The LdapOrderingFilter provides:

  • Server-side sorting: Uses LDAP’s server-side sorting when supported

  • Client-side fallback: Automatically falls back to client-side sorting when needed

  • Field validation: Validates ordering fields against the LDAP model

  • Multiple field support: Supports ordering by multiple fields

  • Ascending/descending: Supports both ascending and descending ordering

  • Default ordering: Falls back to model’s default ordering when no ordering is specified

Basic Usage

Add the LdapOrderingFilter to your ViewSet’s filter_backends:

from rest_framework import viewsets
from ldaporm.restframework import LdapOrderingFilter, LdapCursorPagination
from your_app.models import YourLdapModel
from your_app.serializers import YourLdapModelSerializer

class YourLdapModelViewSet(viewsets.ModelViewSet):
    serializer_class = YourLdapModelSerializer
    pagination_class = LdapCursorPagination
    filter_backends = [LdapOrderingFilter]
    ordering_fields = ['field1', 'field2', 'field3']  # Optional: restrict fields
    ordering = ['field1']  # Default ordering
    lookup_field = 'dn'

    def get_queryset(self):
        return YourLdapModel.objects.all()

Configuration Options

ordering_fields

A list of field names that can be used for ordering. If not specified, all model fields are allowed.

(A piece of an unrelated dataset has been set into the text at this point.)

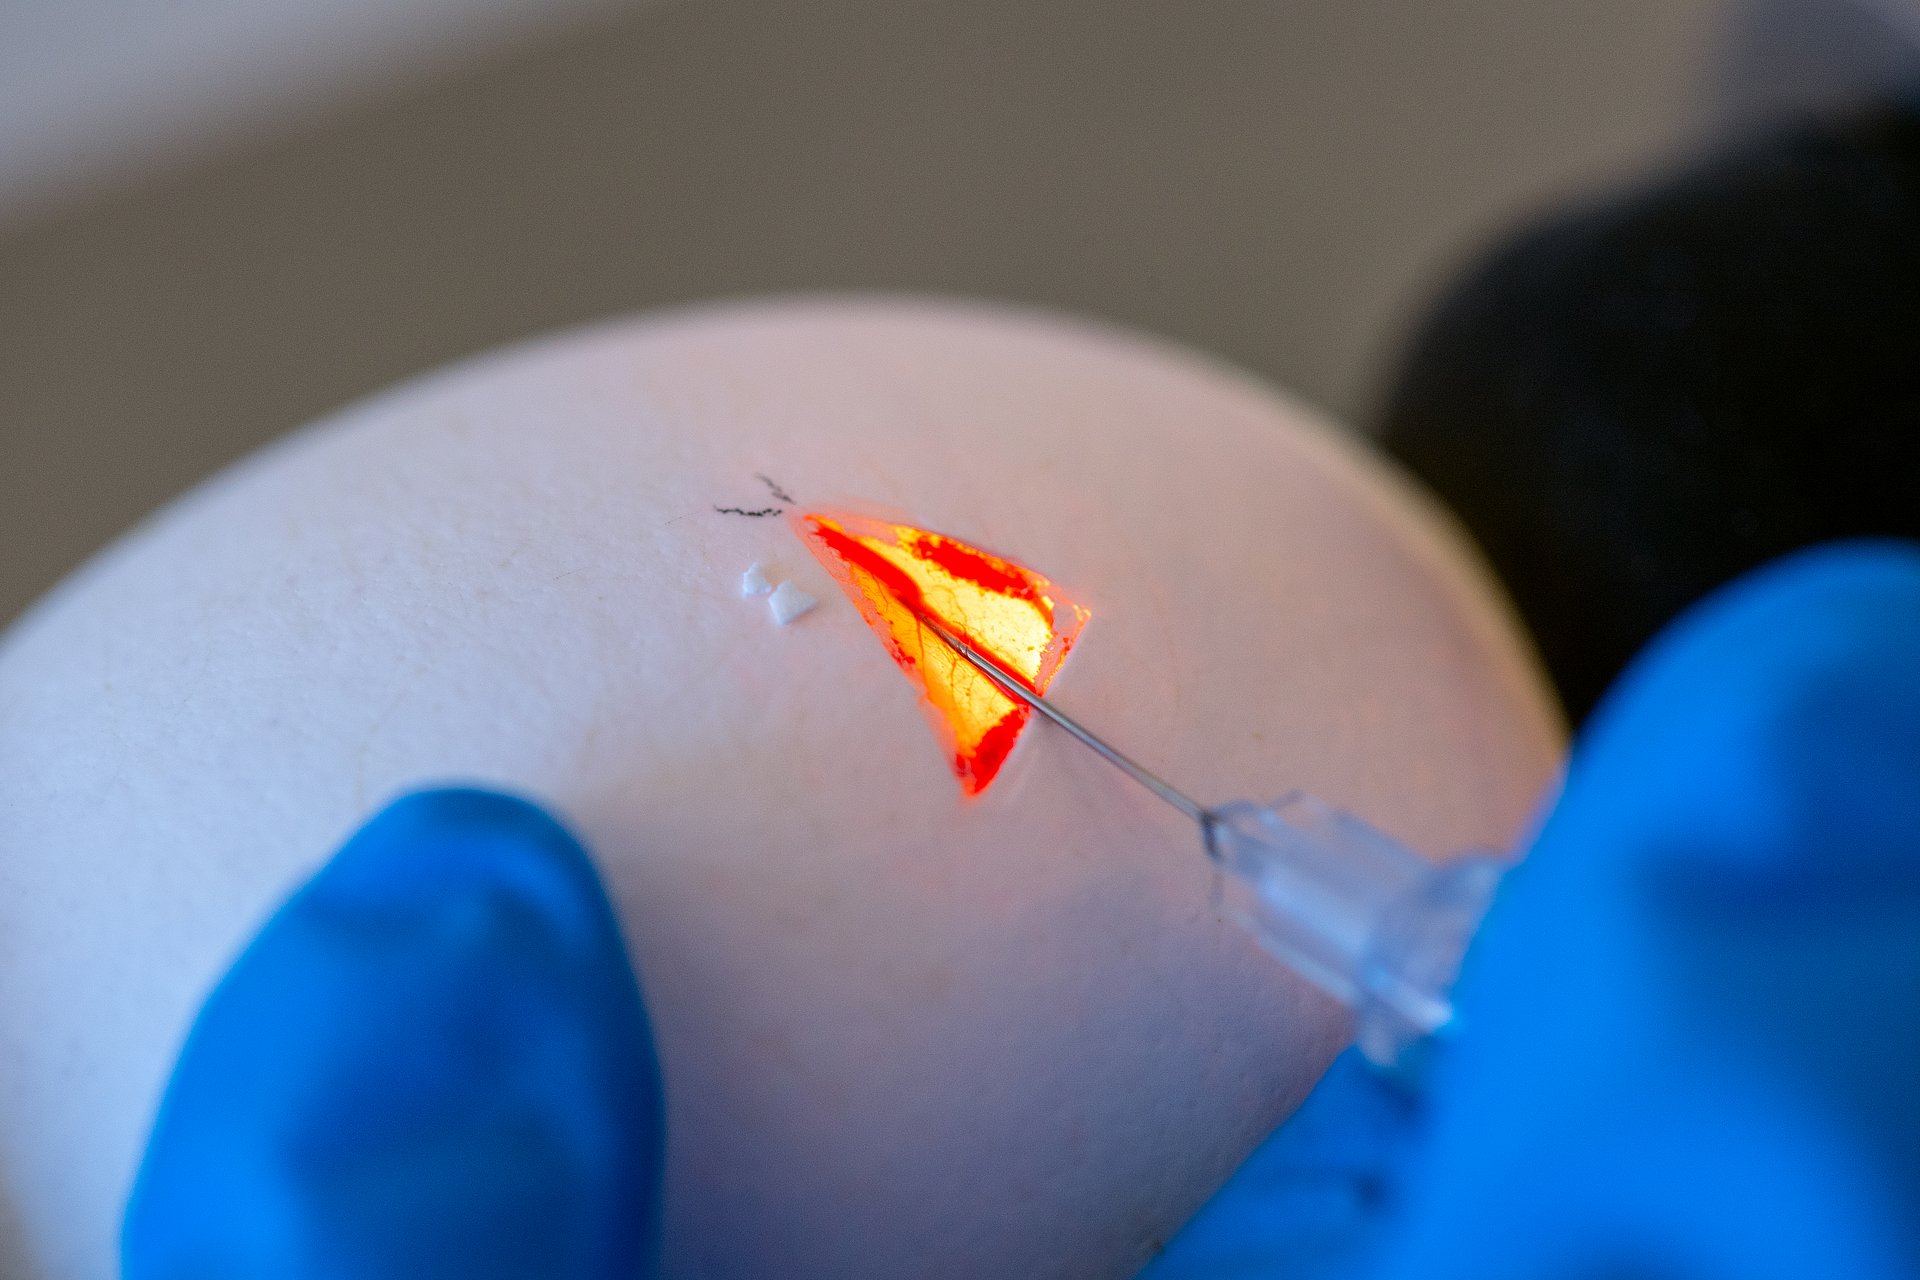 Scientists at TUM have created chickens and pigs with integrated genetic scissors. This can be used at all stages of the animals' development. They have already demonstrated applications in chicken embryos (image) as well as in living pigs.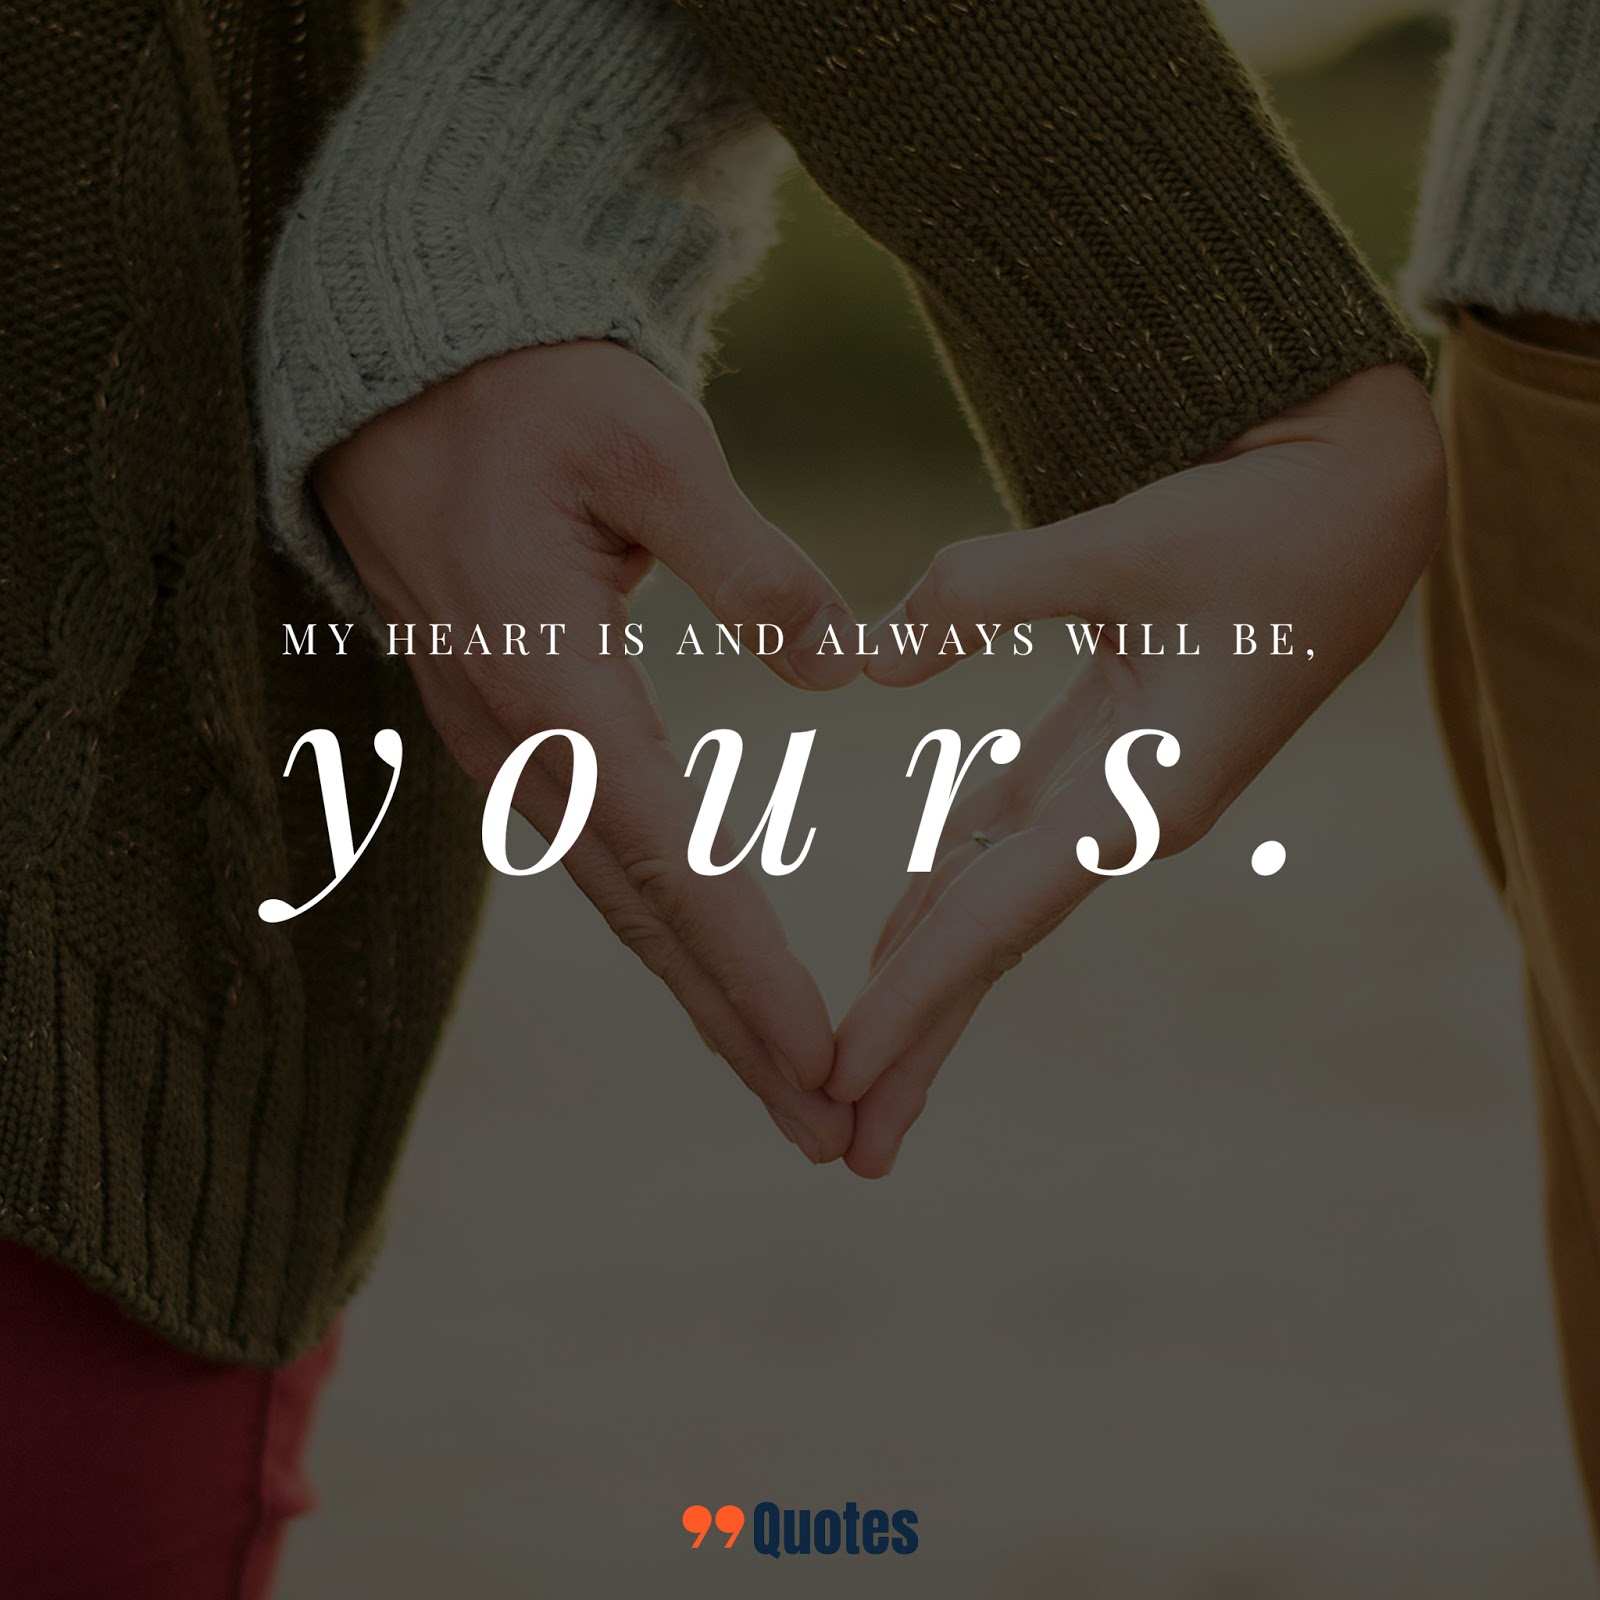 99 Cute Short Love Quotes  for Him and for her to make

class UserViewSet(viewsets.ModelViewSet):
    ordering_fields = ['uid', 'cn', 'mail', 'created']
    # ... rest of configuration

ordering

The default ordering to use when no ordering parameter is provided. This can be a single field or a list of fields.

class UserViewSet(viewsets.ModelViewSet):
    ordering = ['uid']  # Single field
    # or
    ordering = ['uid', 'cn']  # Multiple fields

ordering_param

The query parameter name for ordering (default: ‘ordering’).

class UserViewSet(viewsets.ModelViewSet):
    filter_backends = [LdapOrderingFilter]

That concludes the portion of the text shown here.